The collaboration between Myriad and AstraZeneca on olaparib began in 2007. In Dec. 2014, Myriad received FDA approval for BRACAnalysis CDx to identify patients with advanced ovarian cancer who are eligible for fourth-line treatment with olaparib. BRACAnalysis CDx is Myriad’s first FDA-approved companion diagnostic and was the first-ever laboratory developed test reviewed and approved by the FDA.

About BRACAnalysis CDx
BRACAnalysis CDx is an in vitro diagnostic device intended for the qualitative detection and classification of variants in the protein coding regions and intron/exon boundaries of the BRCA1 and BRCA2 genes using genomic DNA obtained from whole blood specimens collected in EDTA. Single nucleotide variants and small insertions and deletions (indels) are identified by polymerase chain reaction (PCR) and Sanger sequencing.
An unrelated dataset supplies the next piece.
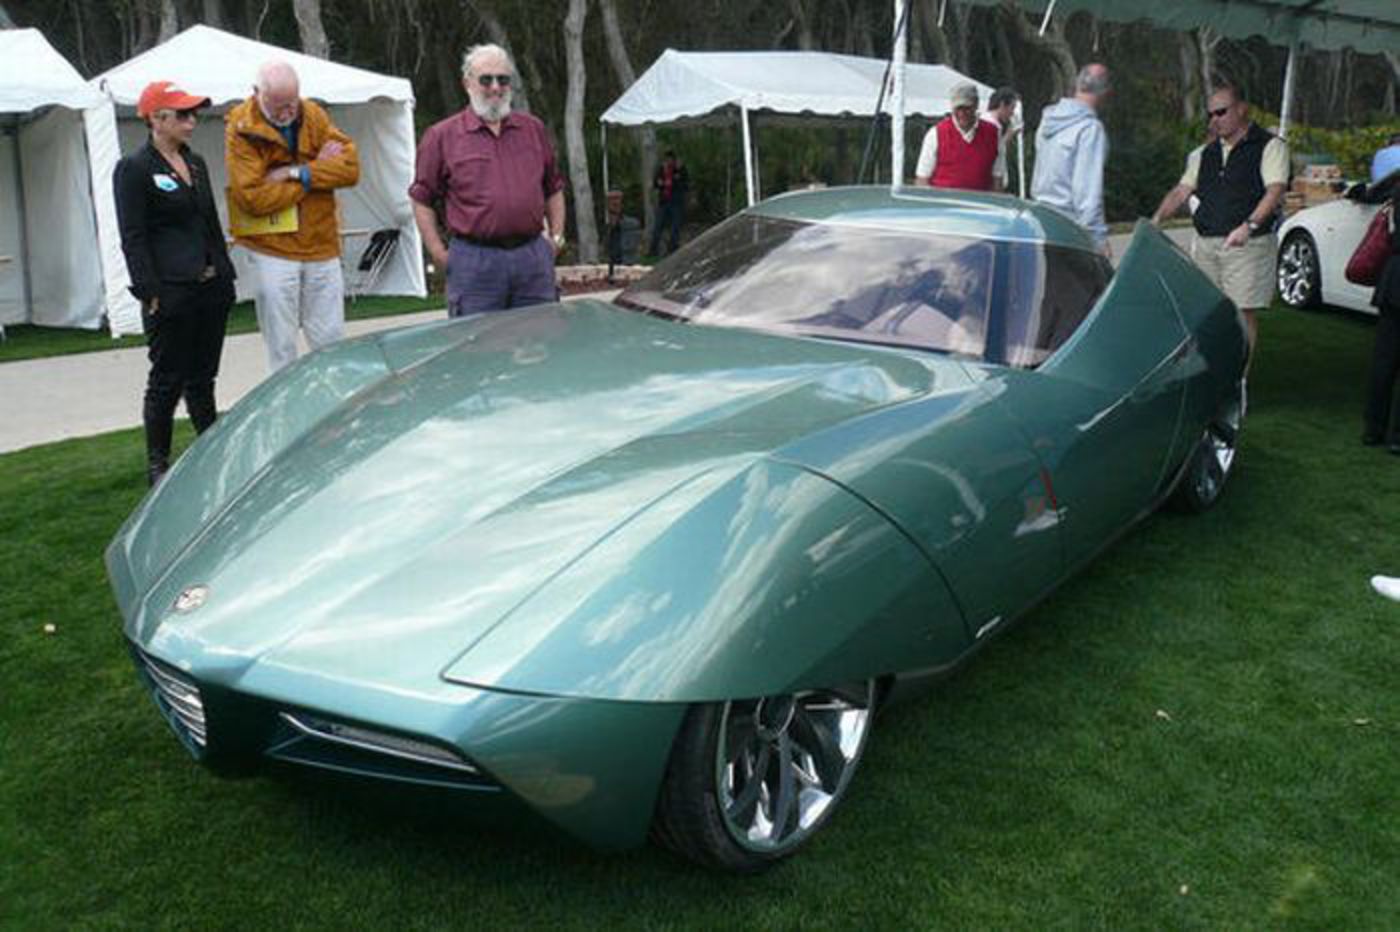 1956 General Motors Firebird II Concept Car

Large deletions and duplications in BRCA1 and BRCA2 are detected using multiplex PCR. Results of the test are used as an aid in identifying ovarian cancer patients with deleterious or suspected deleterious germline BRCA variants eligible for treatment with Lynparza (olaparib). This assay is for professional use only and is to be performed only at Myriad Genetic Laboratories, a single laboratory site located at 320 Wakara Way, Salt Lake City, UT 84108.